Railway station in Wiltshire, England

Avoncliff railway station serves the small village of Avoncliff, in Wiltshire, England, together with the nearby villages of Westwood and Winsley, and Turleigh hamlet. Great Western Railway manages the station and operates all services. It is next to the Kennet and Avon Canal and almost adjacent to the Avoncliff Aqueduct, so it is popular with walkers and cyclists who wish to travel along the canal path or the picturesque walks around the station.

The station has two platforms, each long enough for 1 1/2 coaches, with a waiting shelter and original lamp-posts. Residents have voluntarily decorated the station with pots of flowers and, to mark its 100-year anniversary on 9 July 2006, decorated the station with bunting and dressed in Victorian clothing for the celebrations.

==History==
Opened on the Wessex Main Line by the Great Western Railway as Avoncliff Halt on 9 July 1906, it remained part of that company during the Grouping of 1923. The station then passed to the Western Region of British Railways on nationalisation in 1948.

Avoncliff Halt escaped closure in the 1960s during the Beeching cuts, despite being listed for closure in the 1963 report "The Reshaping of British Railways".

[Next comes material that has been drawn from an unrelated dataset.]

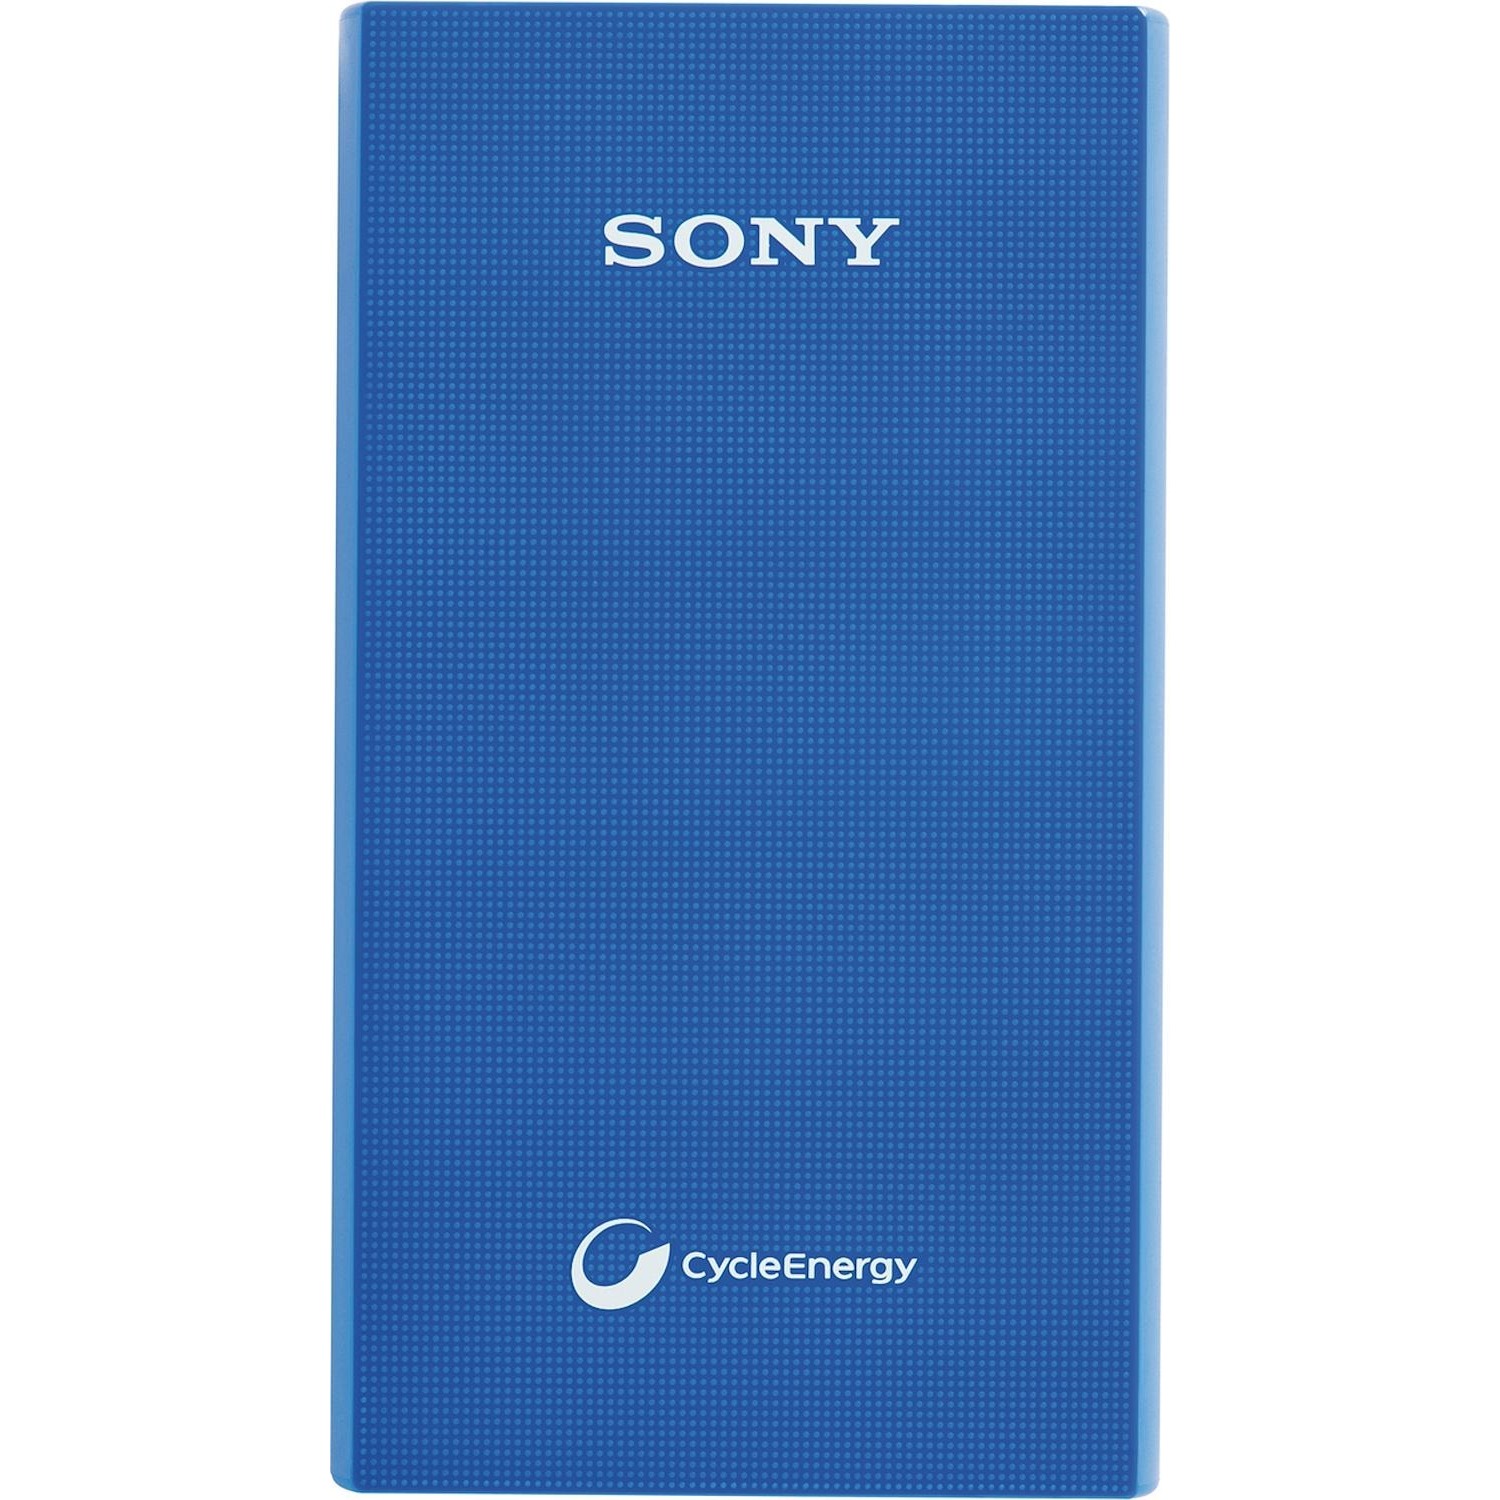 Immagine per Powerbank Sony 5800 mAh con cavo micro USB blu da DIMOStore

The suffix Halt was dropped from 5 May 1969.

When sectorisation was introduced in the 1980s, the station was served by Regional Railways until the privatisation of British Rail. The station was a request stop until July 2010, when all stops became mandatory.

==Services==
A generally hourly service is provided by Great Western Railway:
- Northbound to and
- Southbound to , and , with some trains continuing to and .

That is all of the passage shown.